Apache Spark is an open-source unified analytics engine for large-scale data processing. Spark provides an interface for programming clusters with implicit data parallelism and fault tolerance. Originally developed at the University of California, Berkeley’s AMPLab, the Spark codebase was later donated to the Apache Software Foundation, which has maintained it since.

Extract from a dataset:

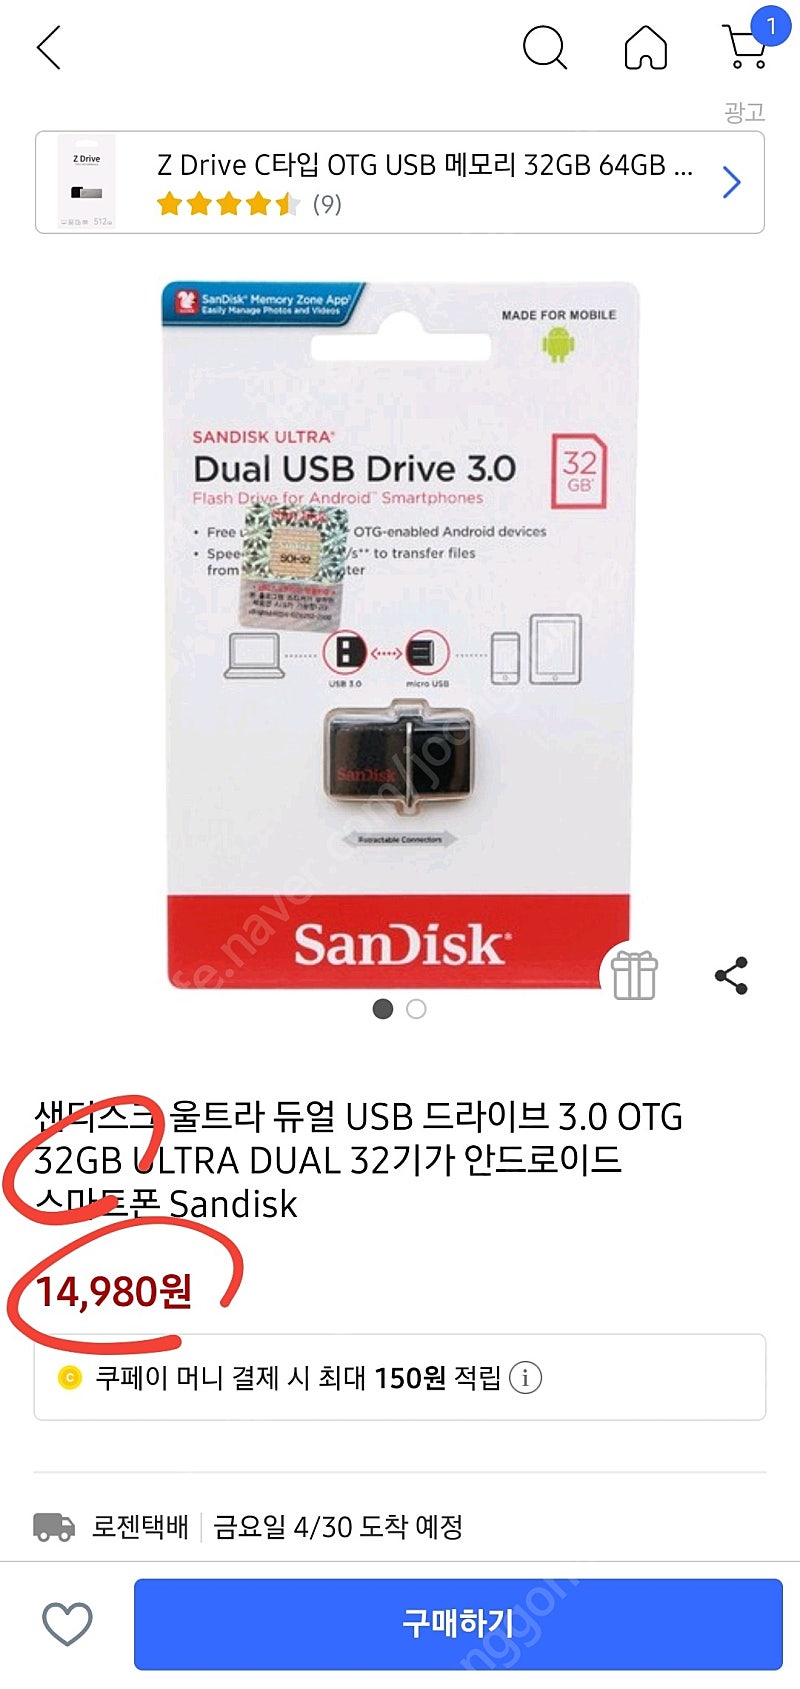 샌데스크 울트라 듀얼 USB (32GB, 64GB)

Apache Spark Installation On Ubuntu 22.04
Prerequisites
Before we start the installation process, there are several prerequisites that must be met so that the installation process can run smoothly. We will need to prepare any requirements as mention below :
- an Ubuntu 22.04 server system
- a non-root user with sudo privileges
- sufficient disk and good internet access
The Apache Spark Installation steps are as follow :
- Update and Upgrade System
- Install Java Runtime
- Download And Extract Apache Spark
- Testing Apache Spark
- Running Spark Shell
The explanation of the installation process will be discussed in several sub-chapters below.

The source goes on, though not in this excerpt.